Once you find the line below that has "Nachhaltig heiraten – deinen Weg finden", output it and every line after it exactly, stopping after the line that has "Sri Sri Krishna", with no pictures.

━━━ Entries shown ━━━

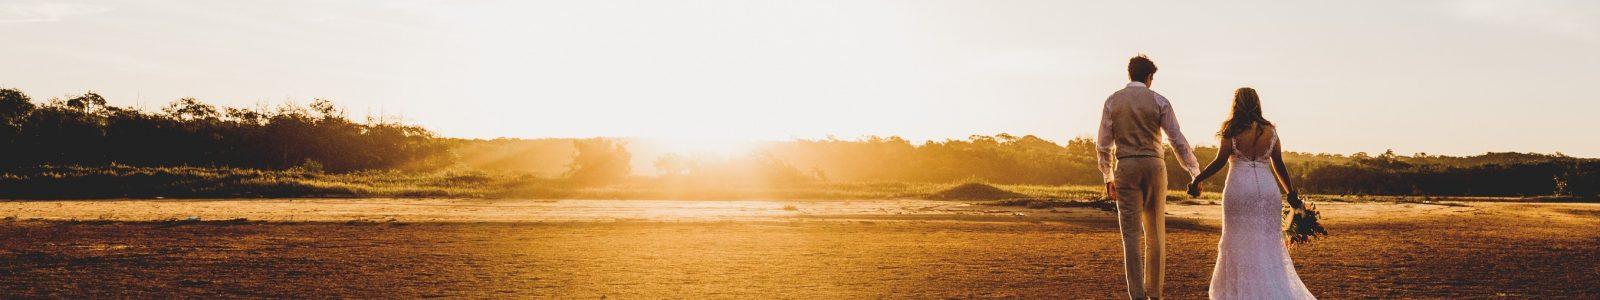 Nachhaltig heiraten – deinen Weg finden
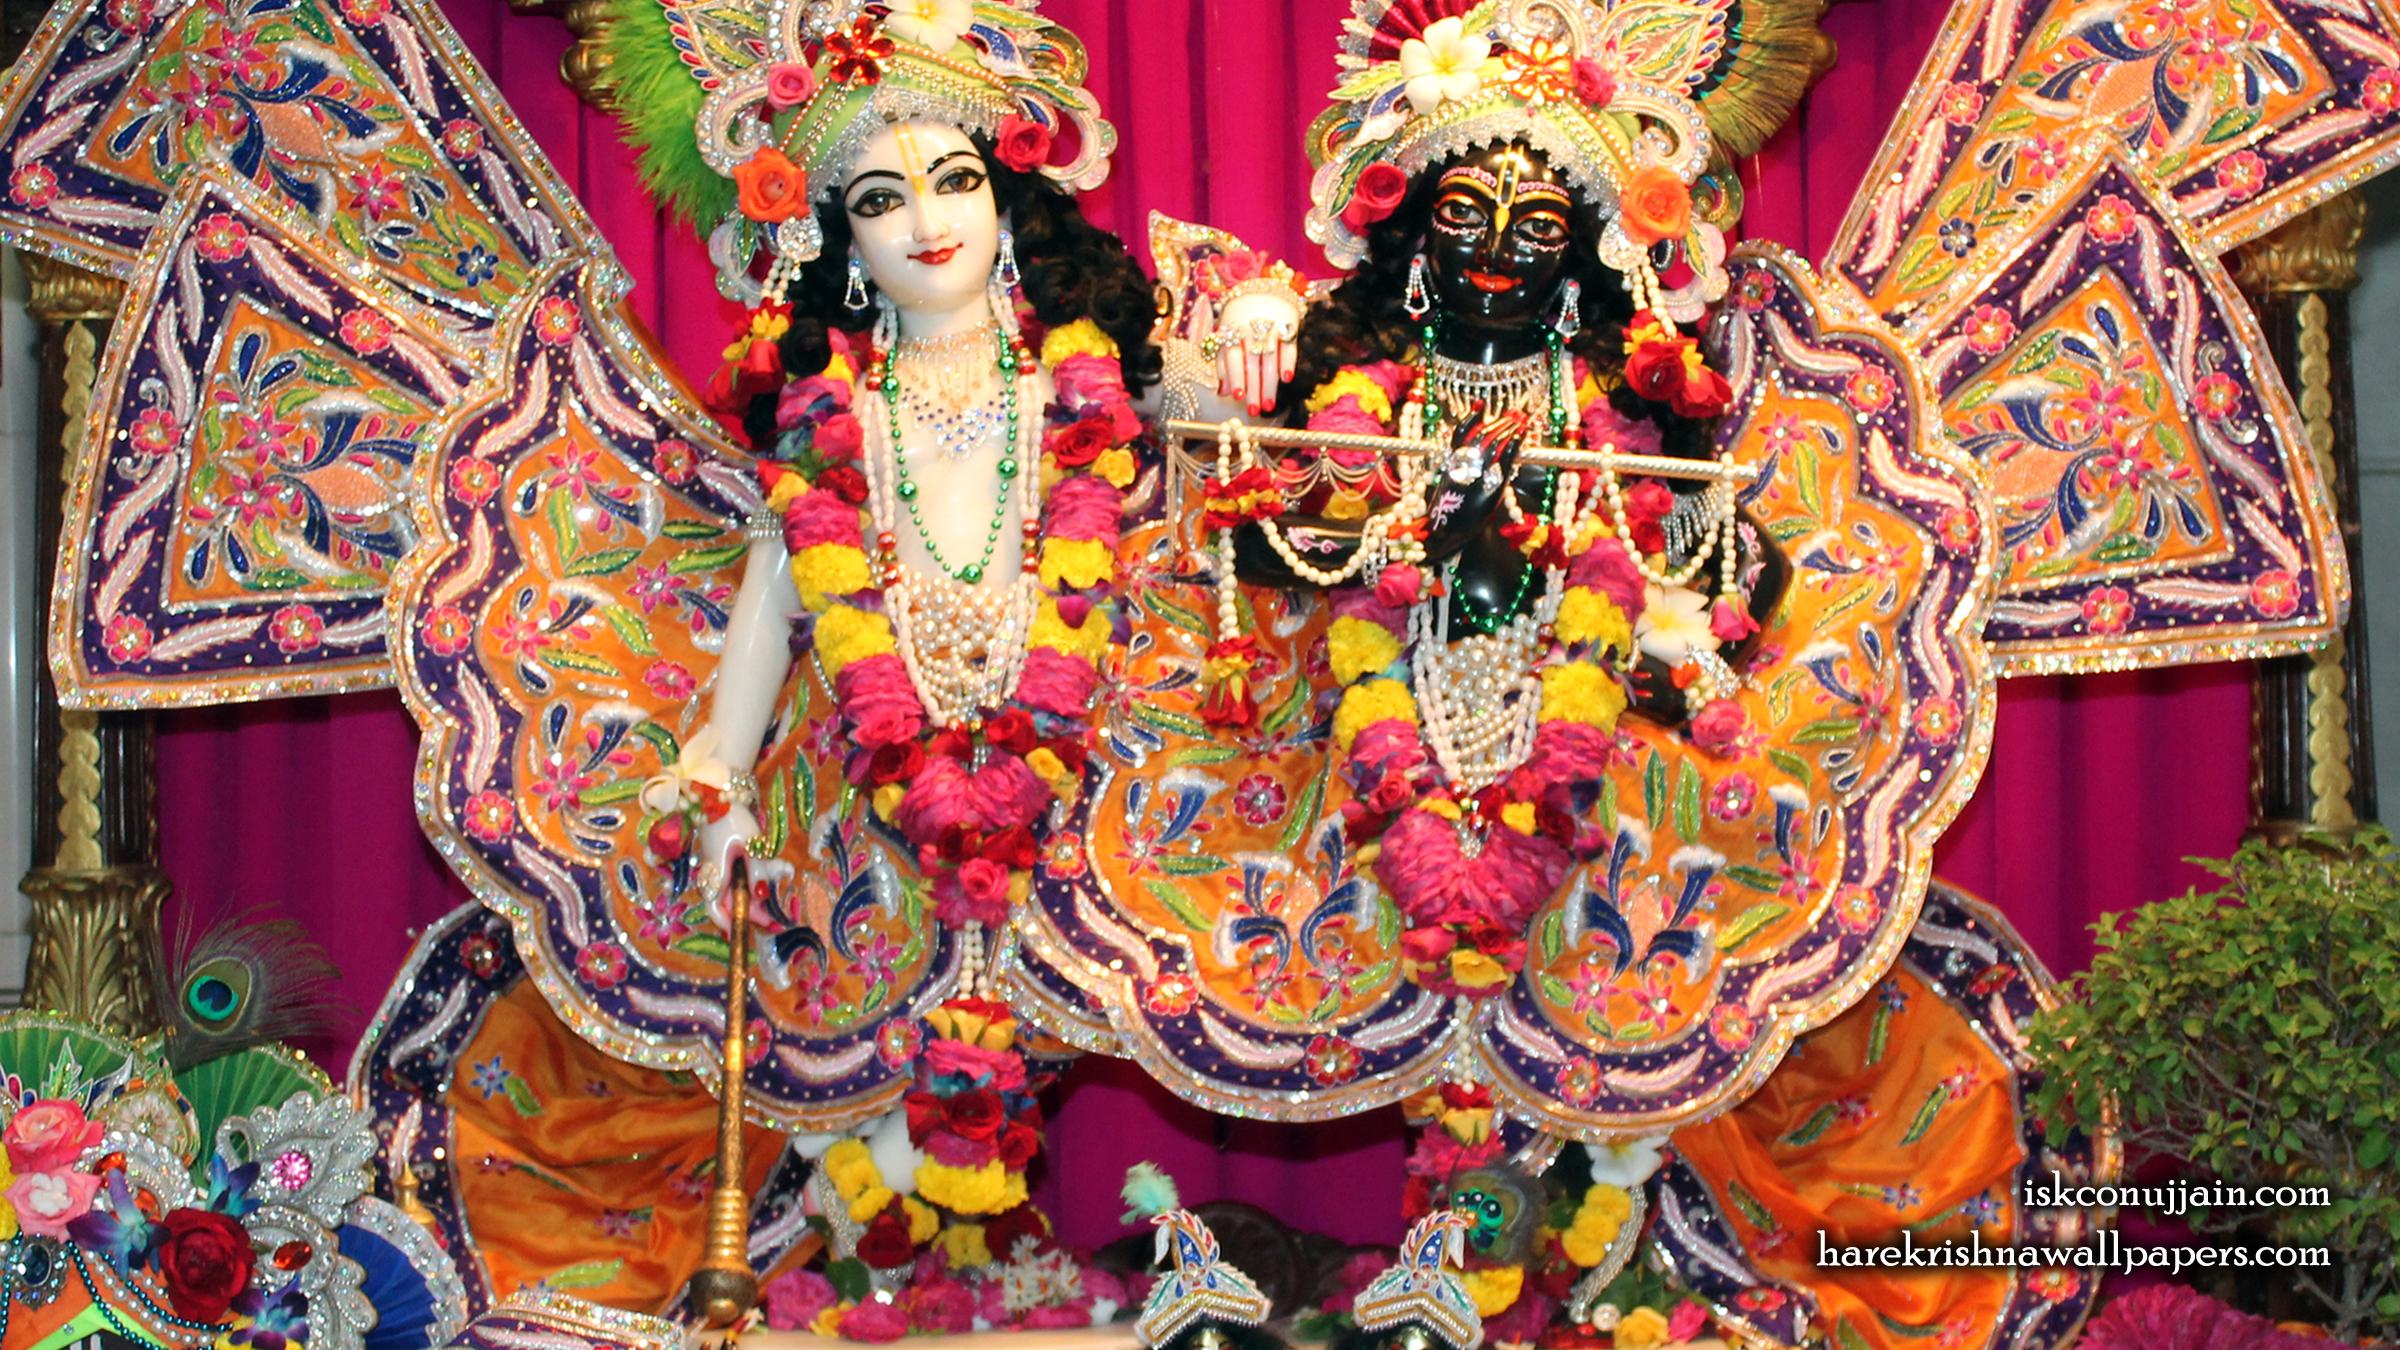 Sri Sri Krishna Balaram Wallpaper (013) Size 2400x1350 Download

━━━
━━━ Entries shown ━━━

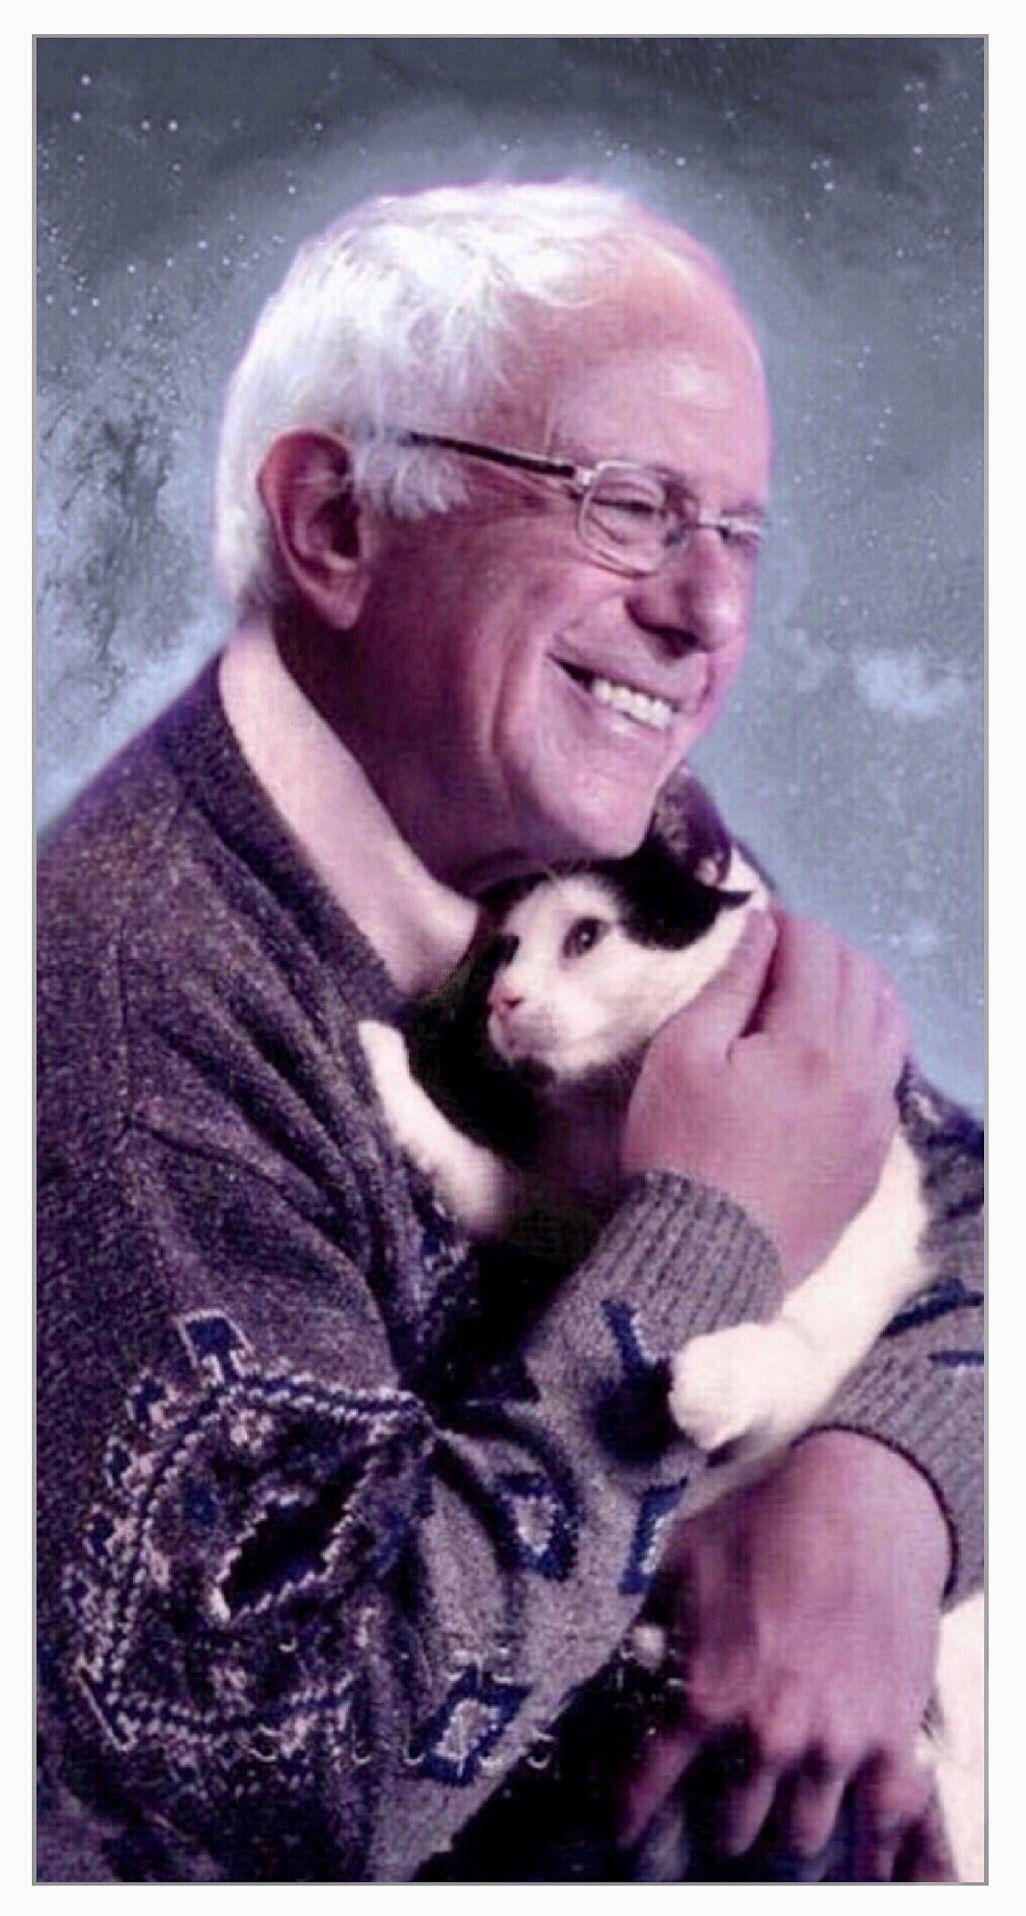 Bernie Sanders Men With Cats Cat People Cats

━━━

◆ Response to the task ◆
 Nachhaltig heiraten – deinen Weg finden
 Sri Sri Krishna Balaram Wallpaper (013) Size 2400x1350 Download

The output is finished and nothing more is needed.